- DIRECTIONS
No pictures belong in the copy. Set down exactly the lines from the one that contains "Camille and the" through the end of the data.

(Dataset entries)
________________
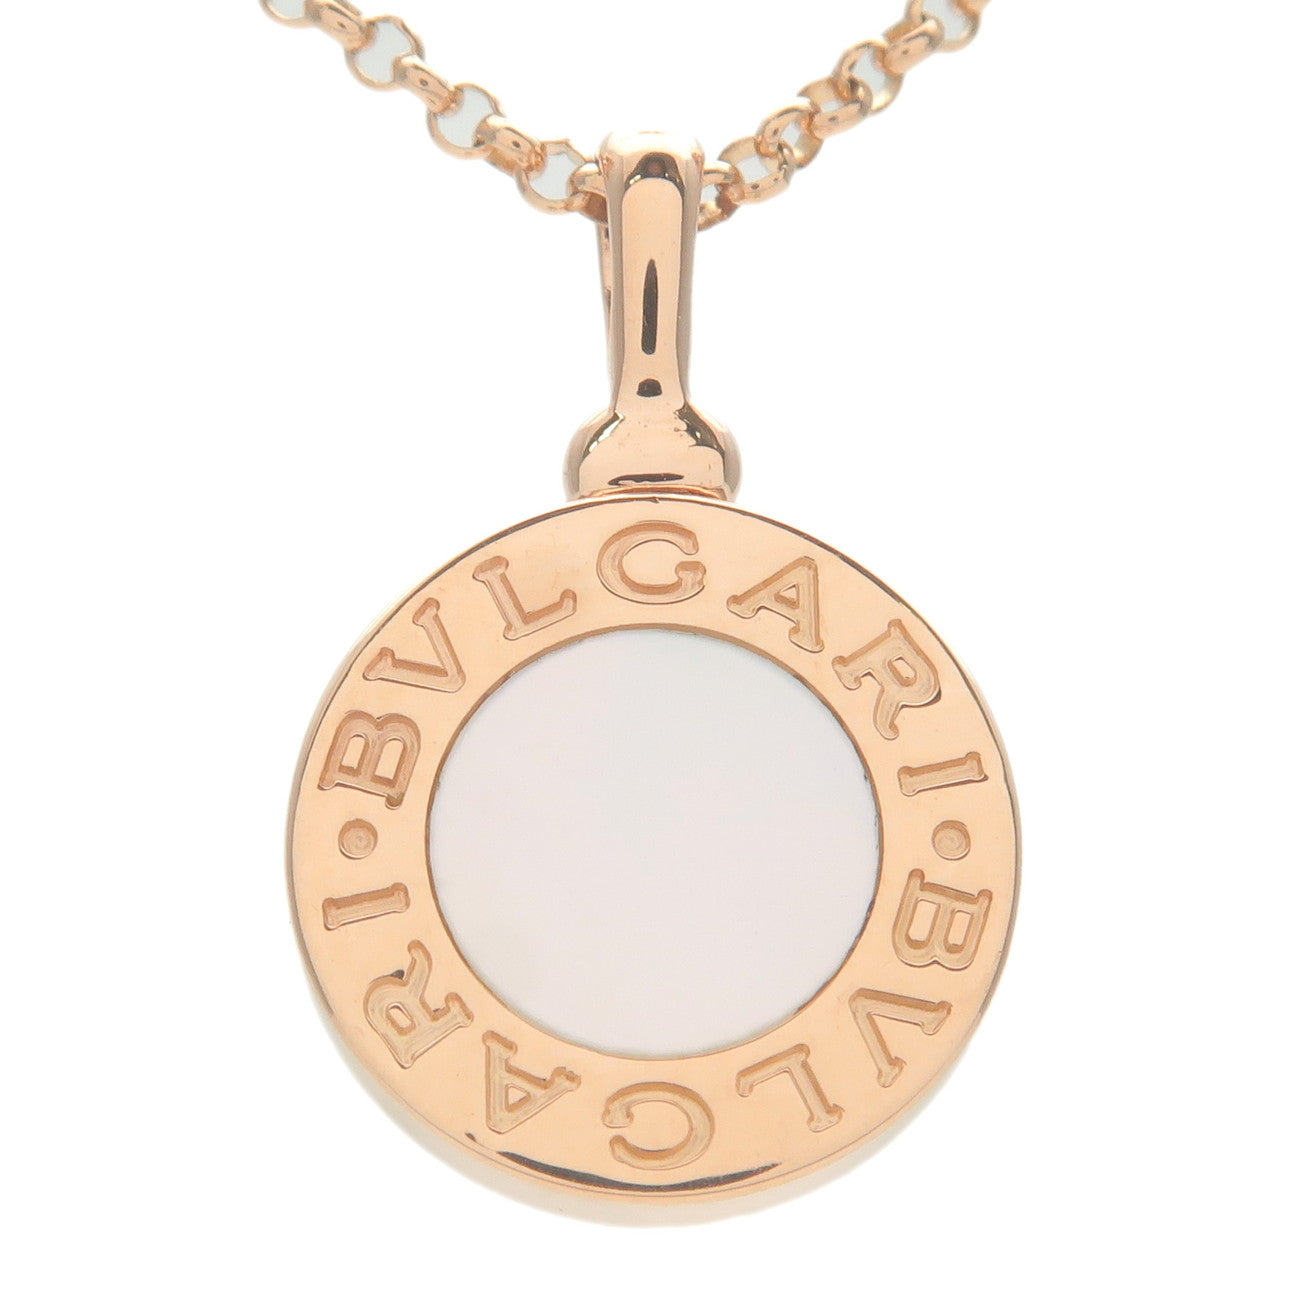 BVLGARI Necklace White Shell Necklace K18 750 Rose Gold
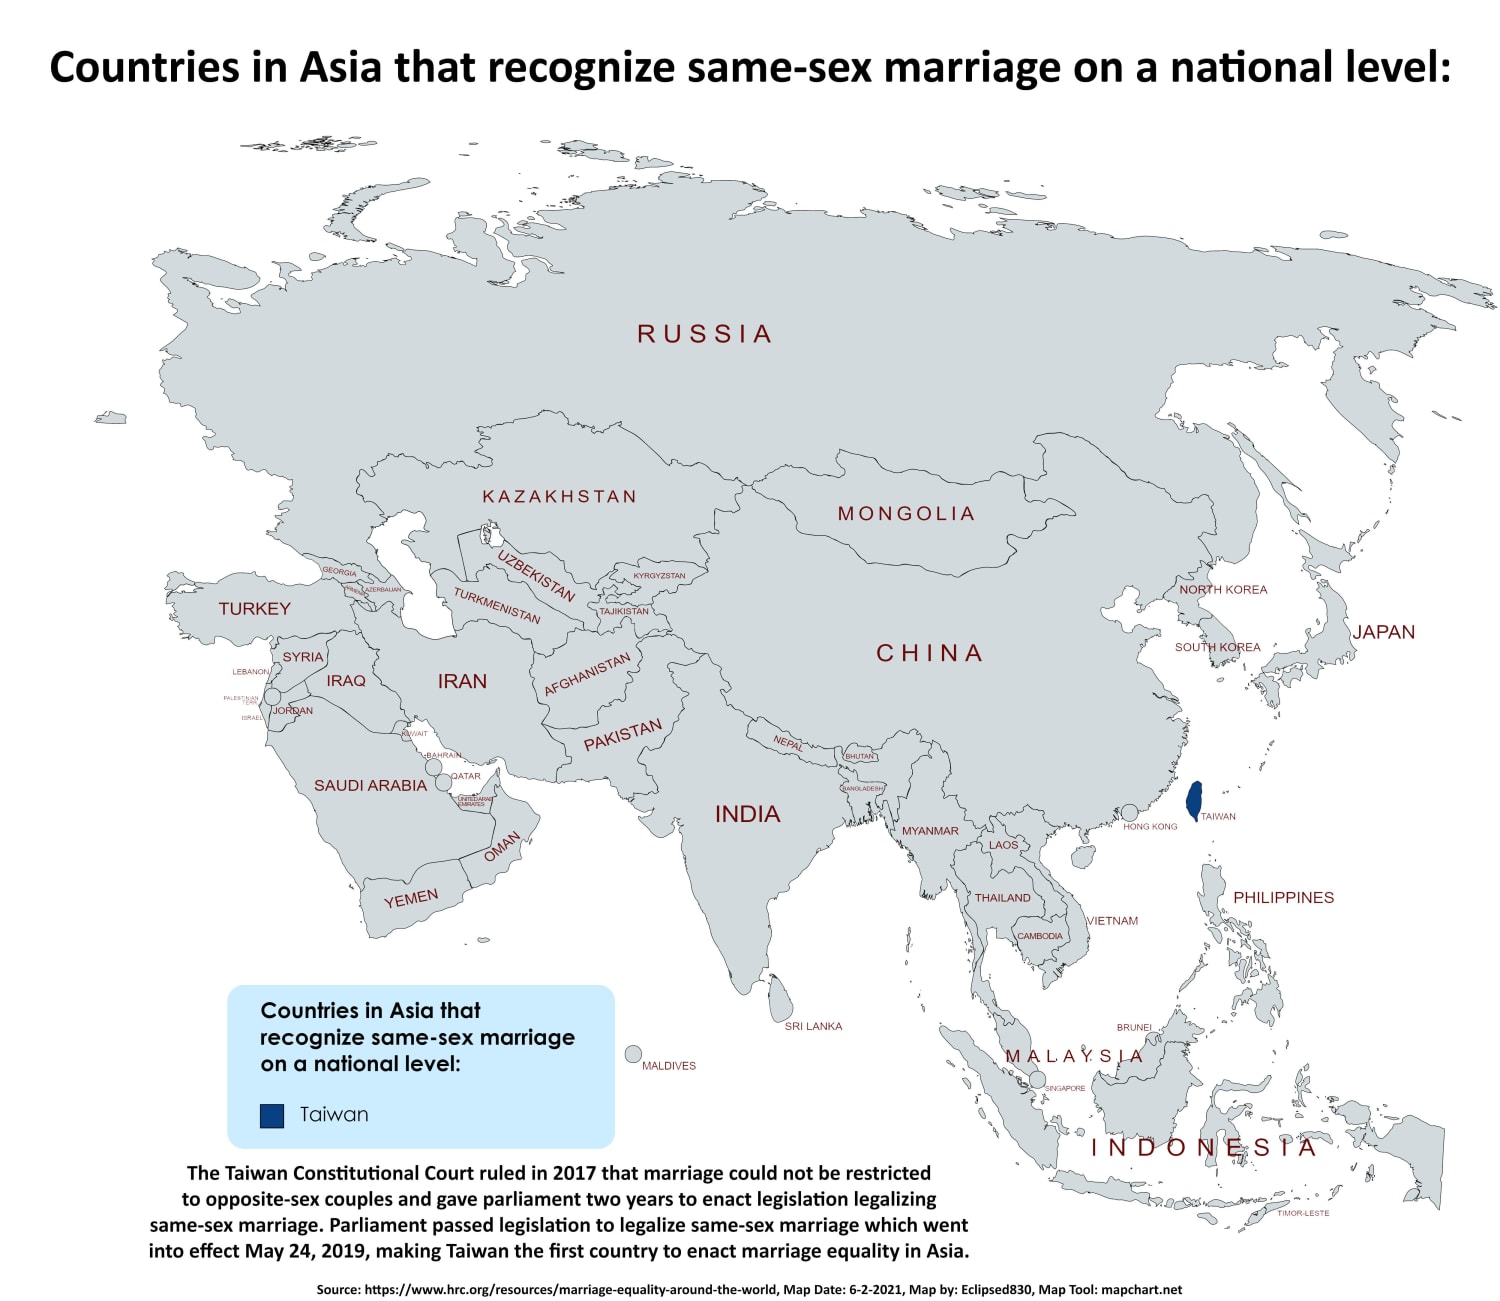 Countries in Asia that recognize marriage equality on a national level
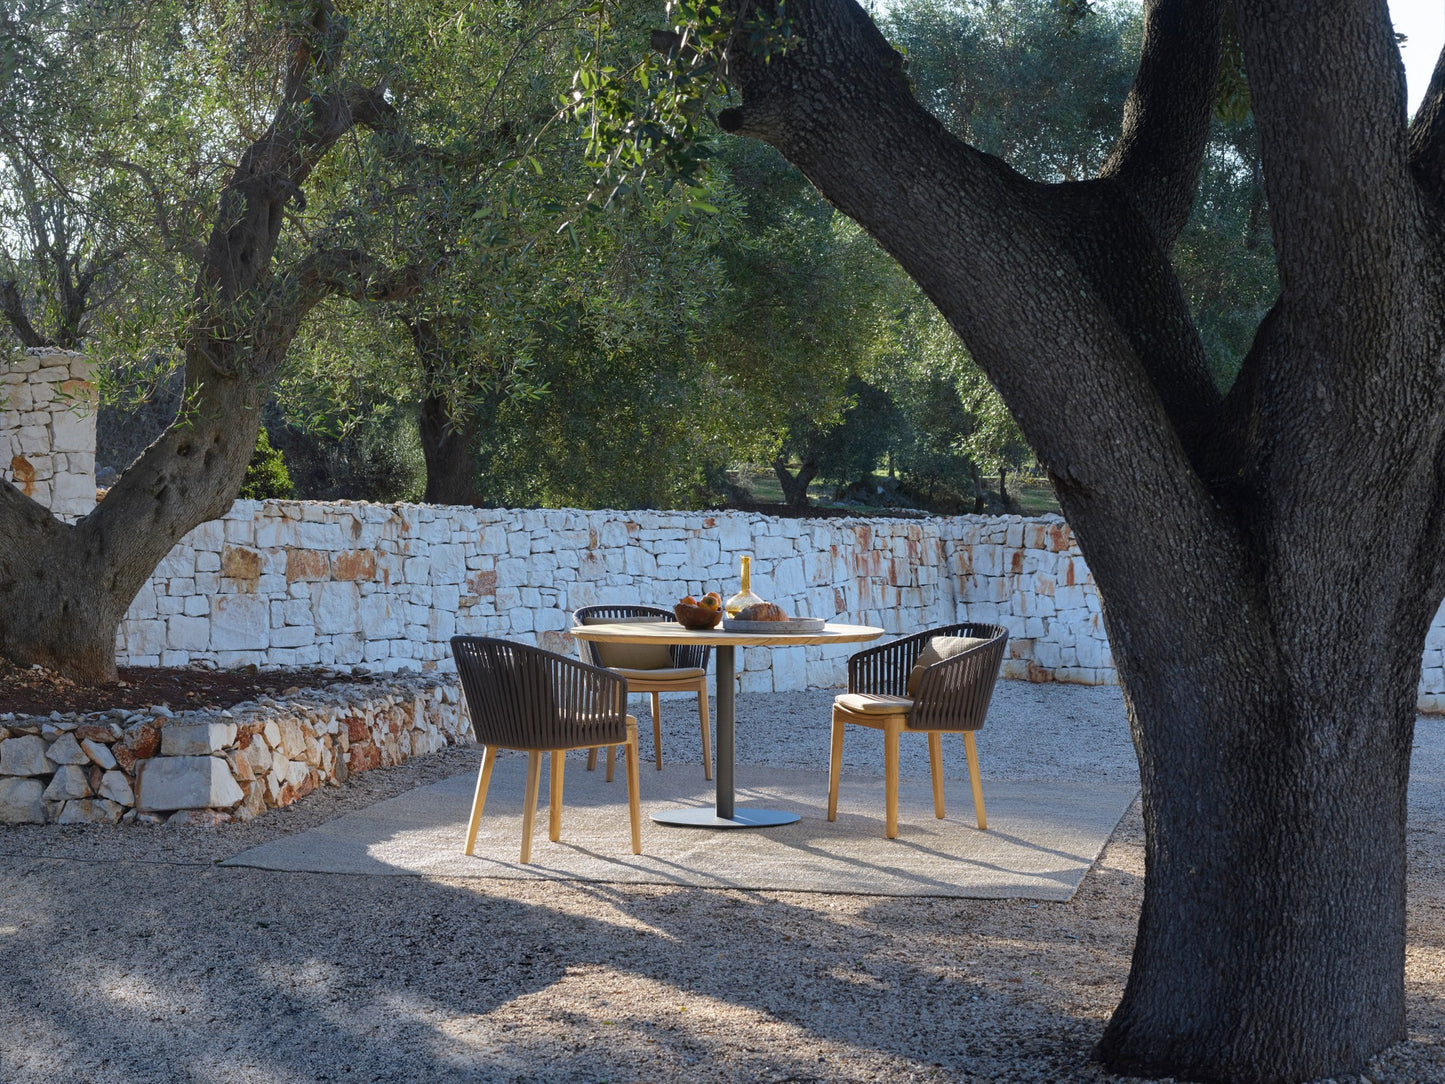 Tribu T-Table Outdoor Dining Table
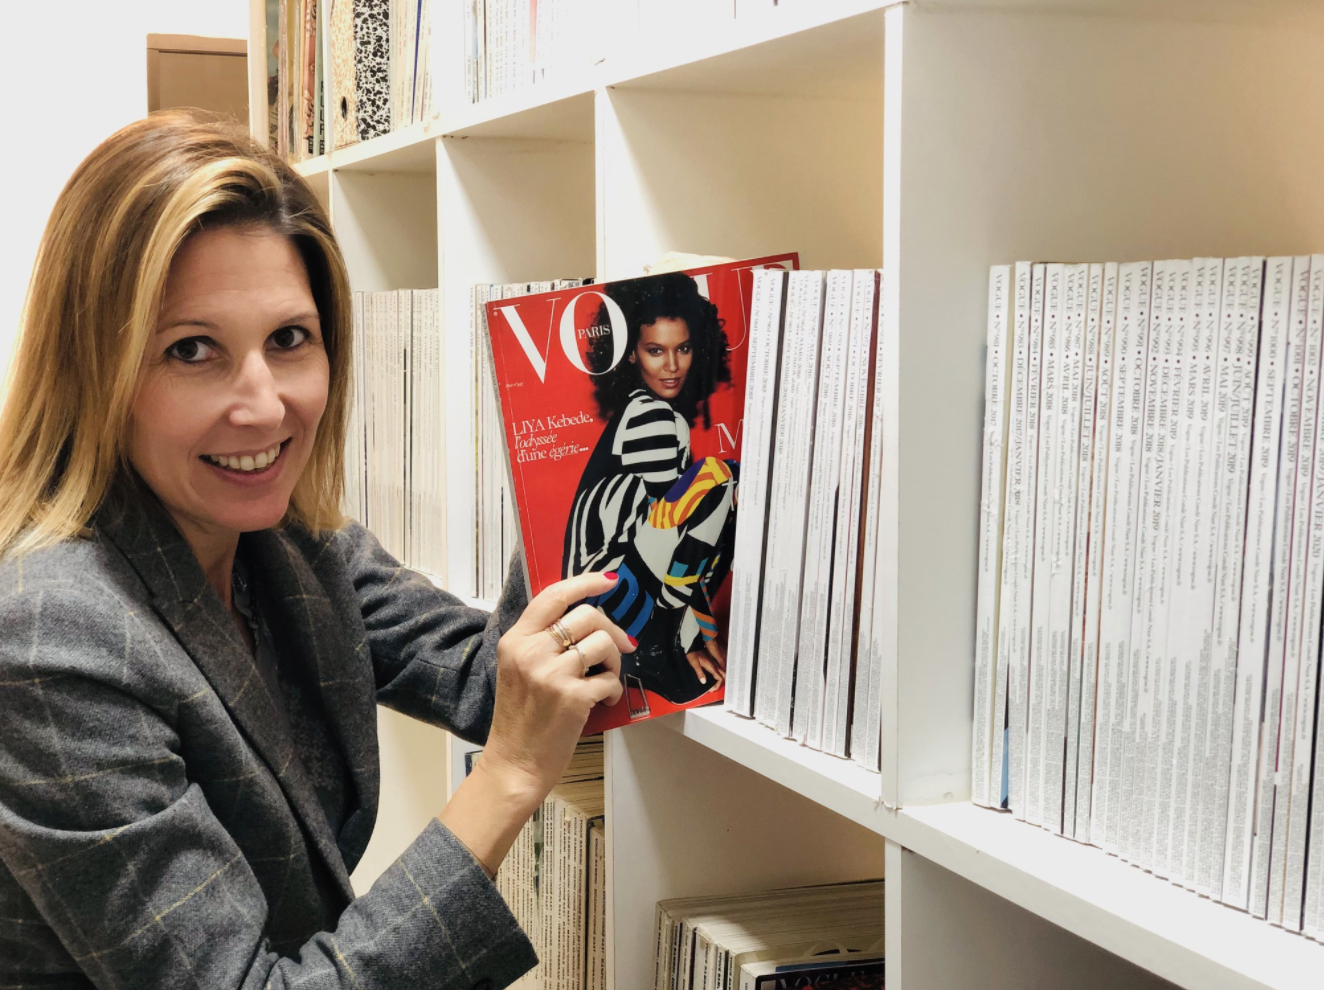 Camille and the hundreds of issues of Vogue at the HQ of Modèle Déposé.
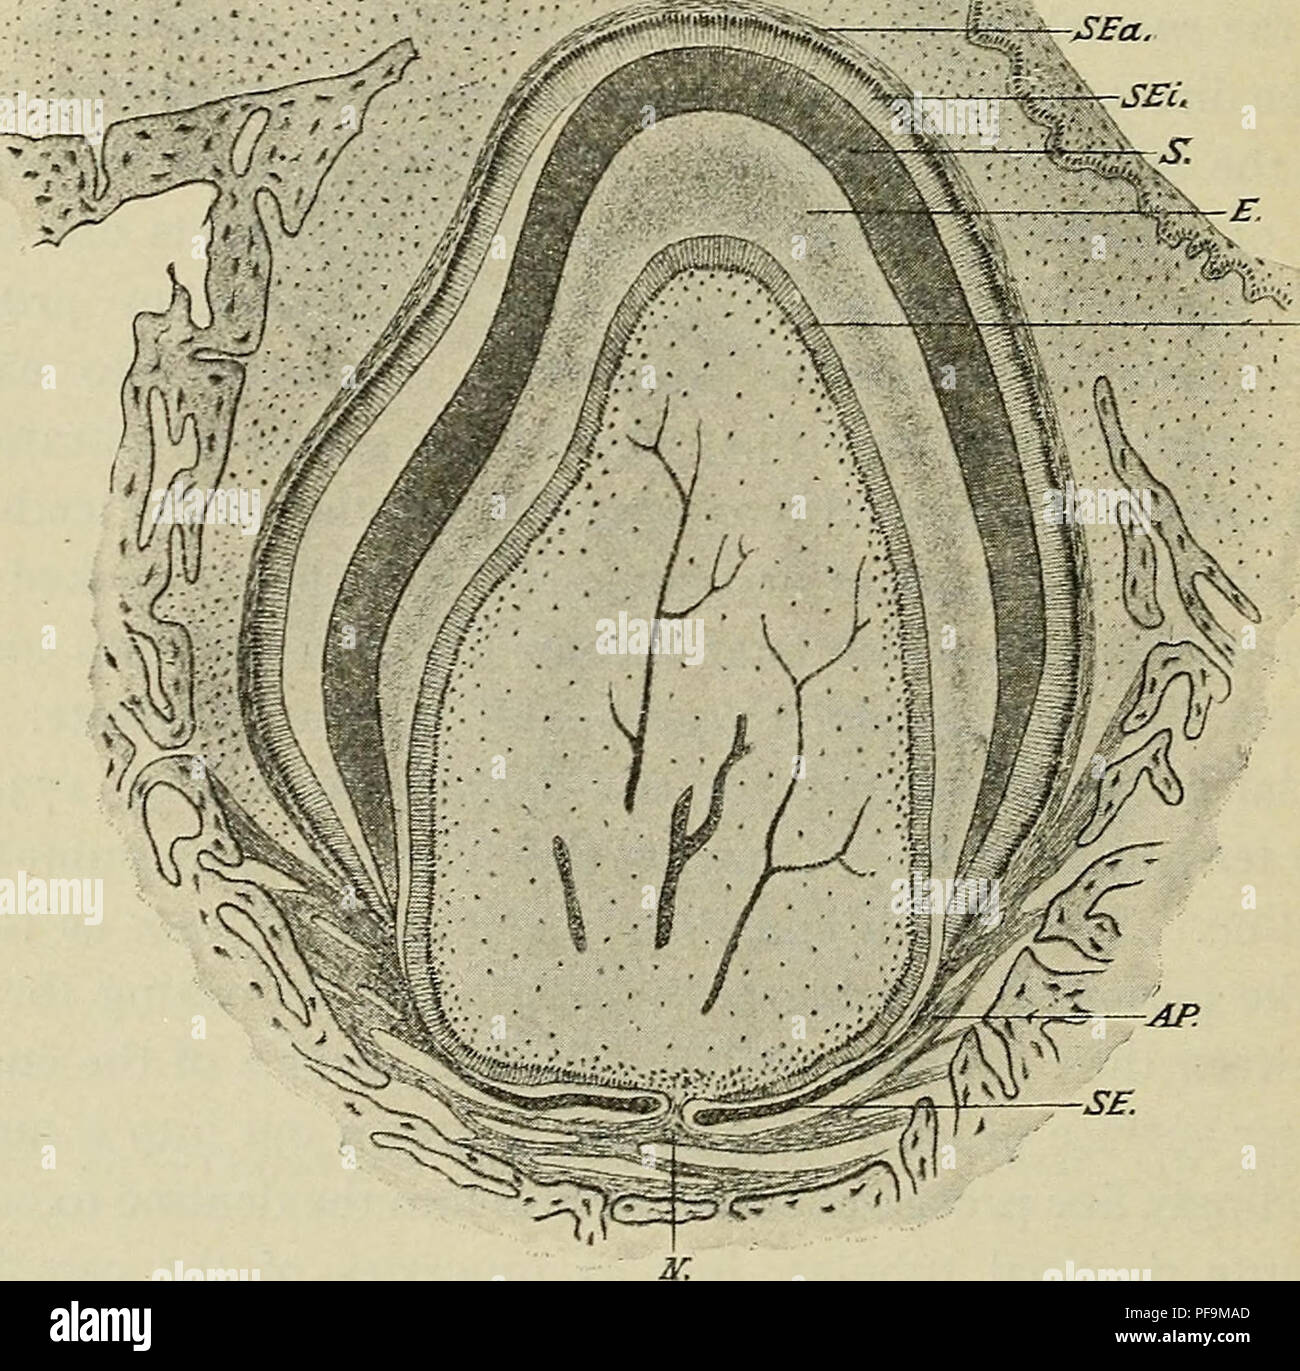 The development of the human body a manual of human embryology Embryology
________________
- SOLUTION TO THIS TASK
 Camille and the hundreds of issues of Vogue at the HQ of Modèle Déposé.
 The development of the human body a manual of human embryology Embryology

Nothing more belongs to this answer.